◆ Information supplied:
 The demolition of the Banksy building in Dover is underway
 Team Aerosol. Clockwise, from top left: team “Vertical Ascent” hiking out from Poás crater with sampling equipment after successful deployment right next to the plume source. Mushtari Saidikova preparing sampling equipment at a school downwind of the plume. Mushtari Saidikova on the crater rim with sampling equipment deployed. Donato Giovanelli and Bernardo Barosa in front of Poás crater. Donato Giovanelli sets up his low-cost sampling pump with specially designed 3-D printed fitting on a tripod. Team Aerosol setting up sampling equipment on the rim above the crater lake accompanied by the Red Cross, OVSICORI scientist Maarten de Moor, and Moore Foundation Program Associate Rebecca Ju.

---

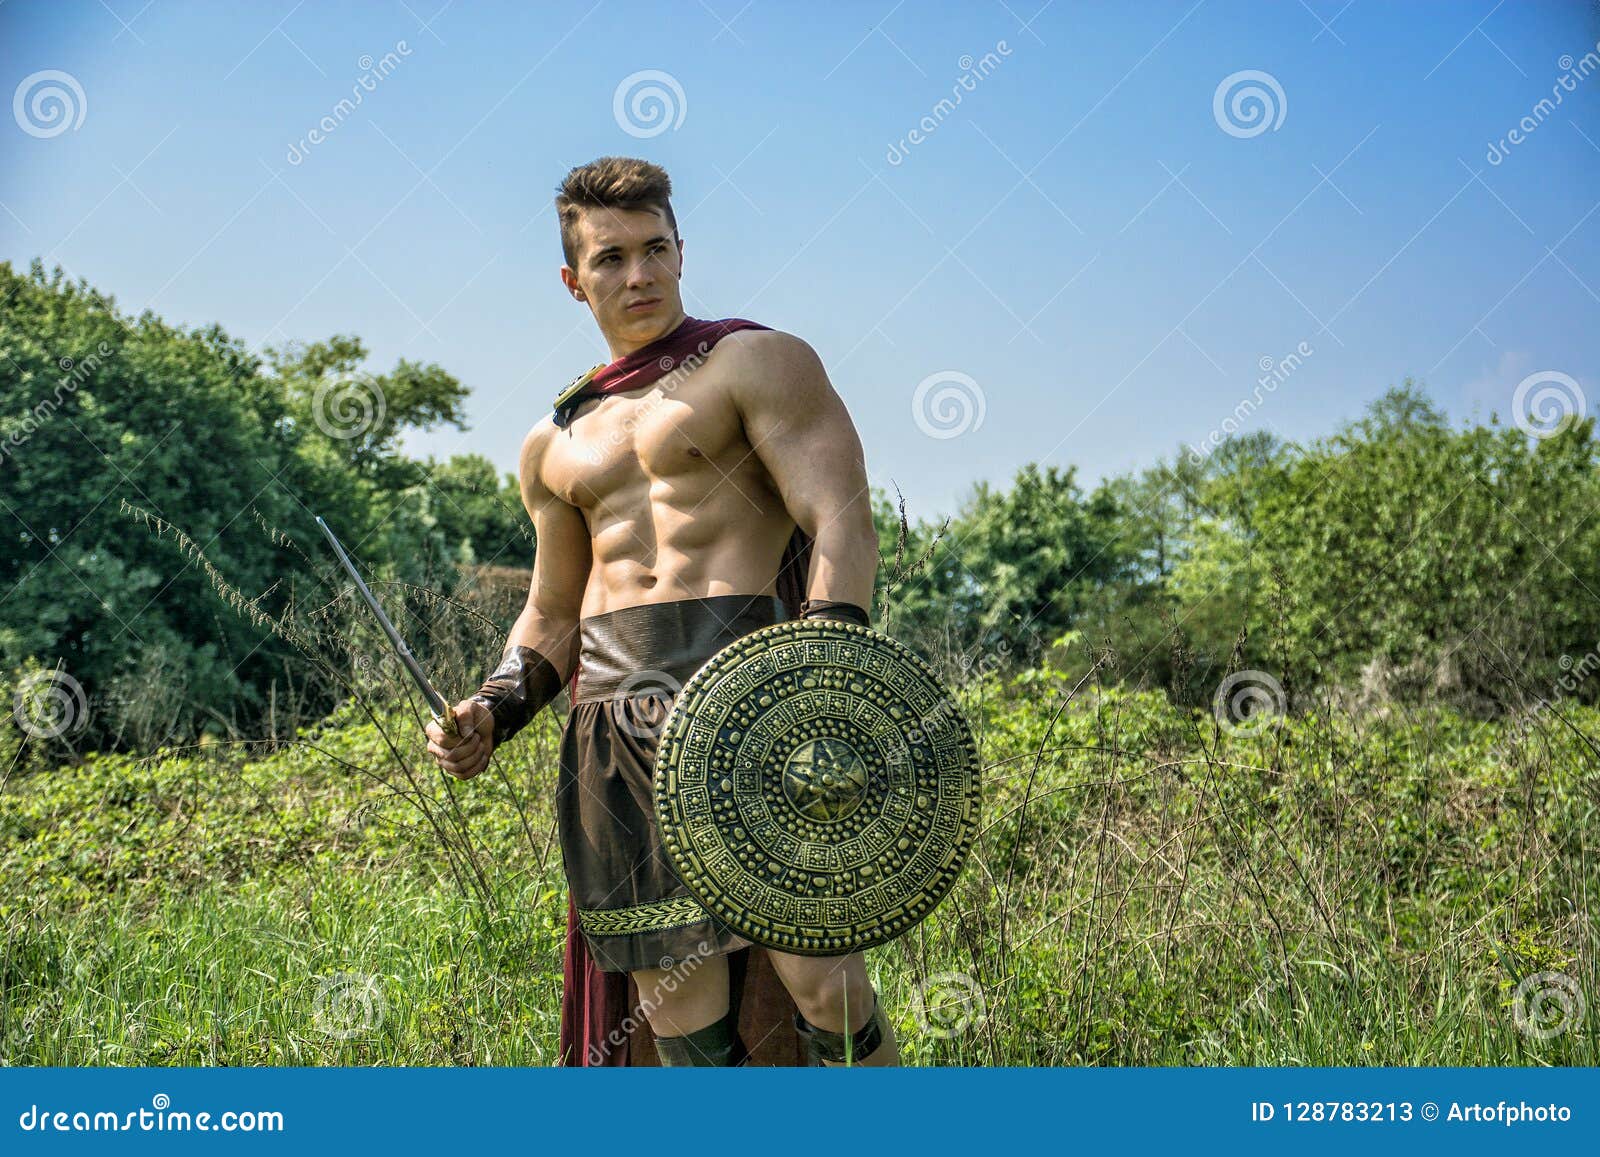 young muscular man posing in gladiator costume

==

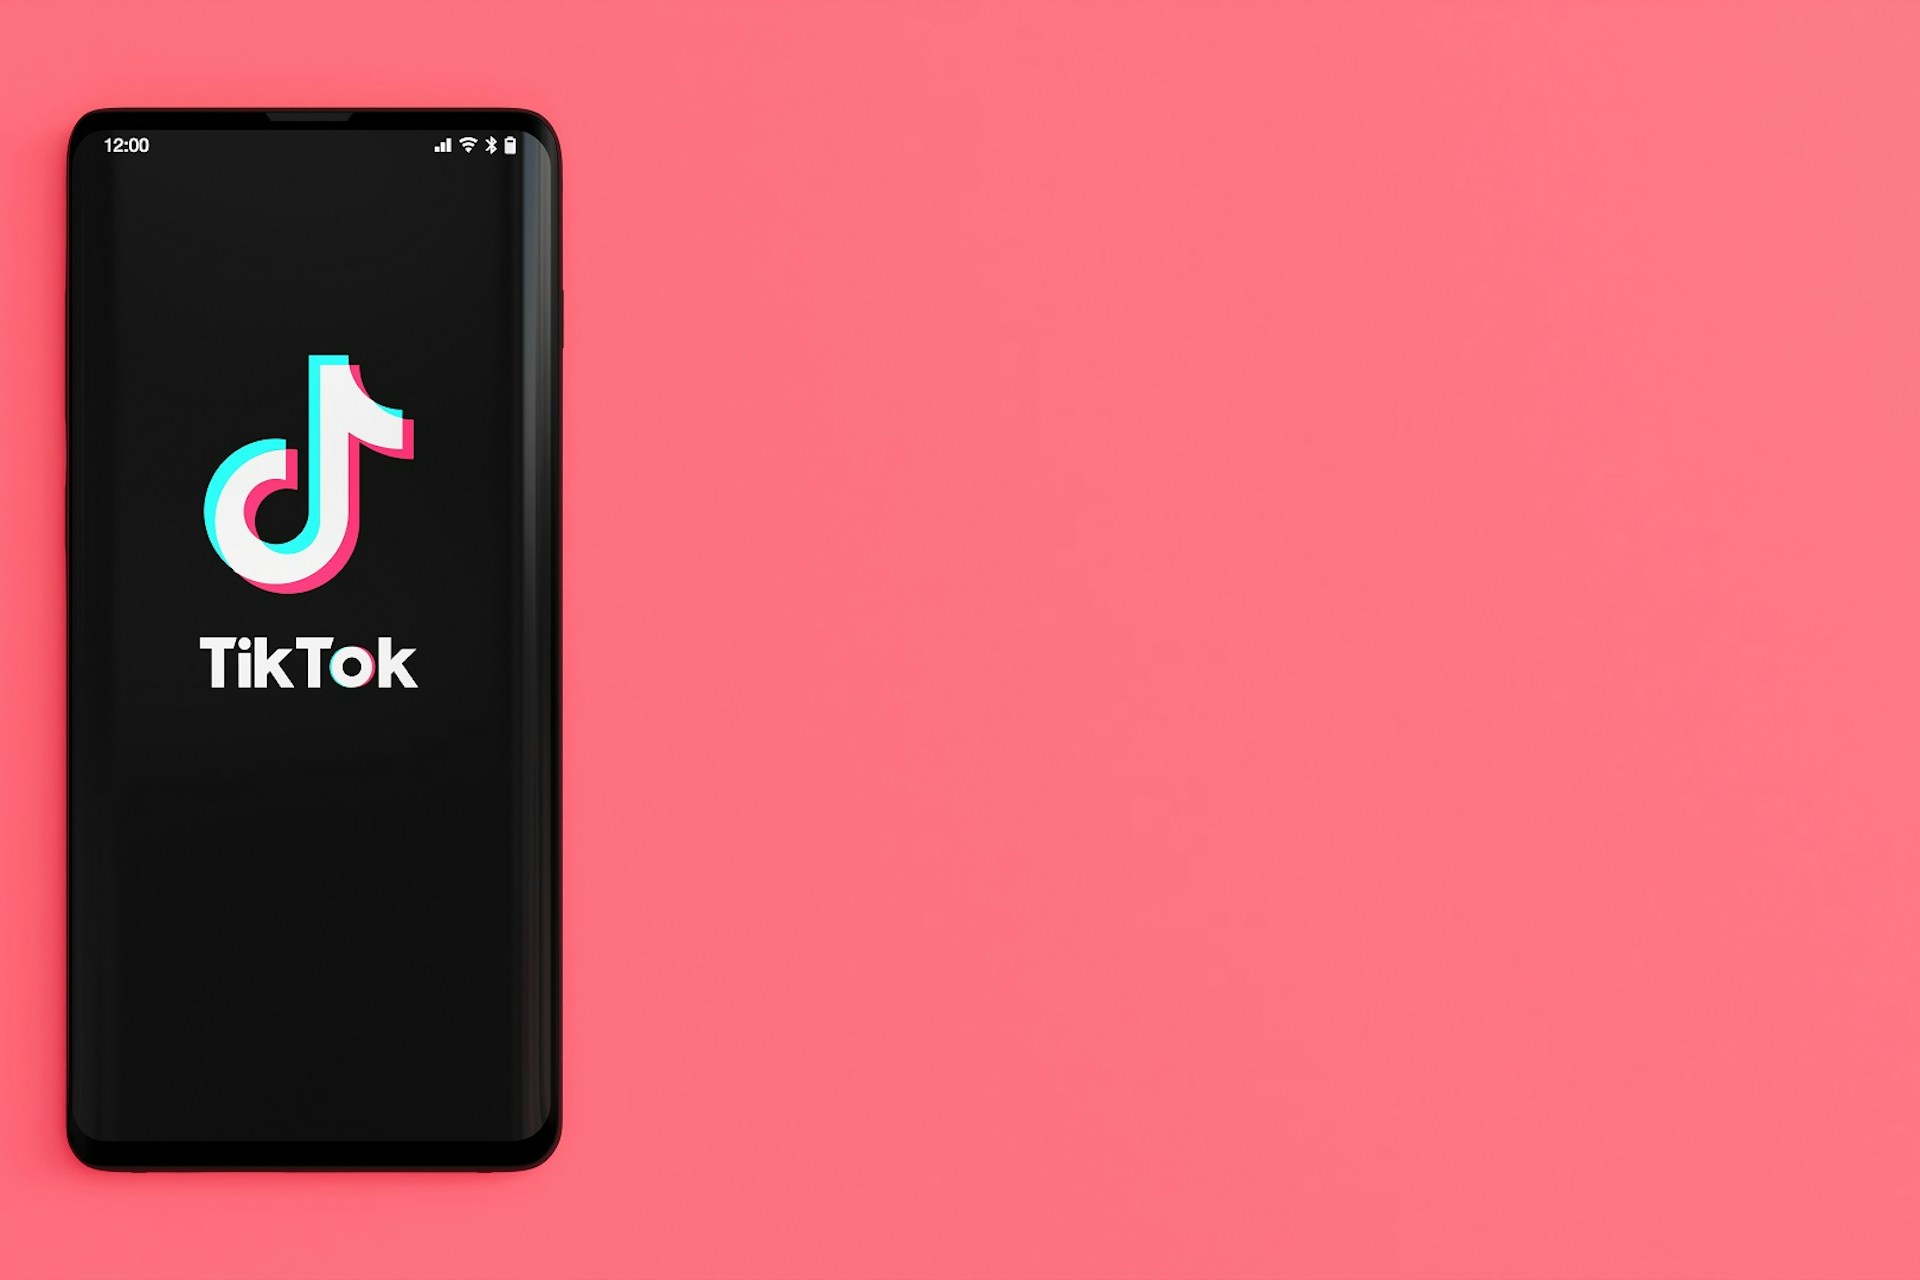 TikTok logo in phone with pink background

◆ Directions for this task: The entries above hold a line with "The demolition of" and a later line with "Team Aerosol. Clockwise, from". Write out exactly those lines and all lines between, nothing more.

◆ Exercise solution:
 The demolition of the Banksy building in Dover is underway
 Team Aerosol. Clockwise, from top left: team “Vertical Ascent” hiking out from Poás crater with sampling equipment after successful deployment right next to the plume source. Mushtari Saidikova preparing sampling equipment at a school downwind of the plume. Mushtari Saidikova on the crater rim with sampling equipment deployed. Donato Giovanelli and Bernardo Barosa in front of Poás crater. Donato Giovanelli sets up his low-cost sampling pump with specially designed 3-D printed fitting on a tripod. Team Aerosol setting up sampling equipment on the rim above the crater lake accompanied by the Red Cross, OVSICORI scientist Maarten de Moor, and Moore Foundation Program Associate Rebecca Ju.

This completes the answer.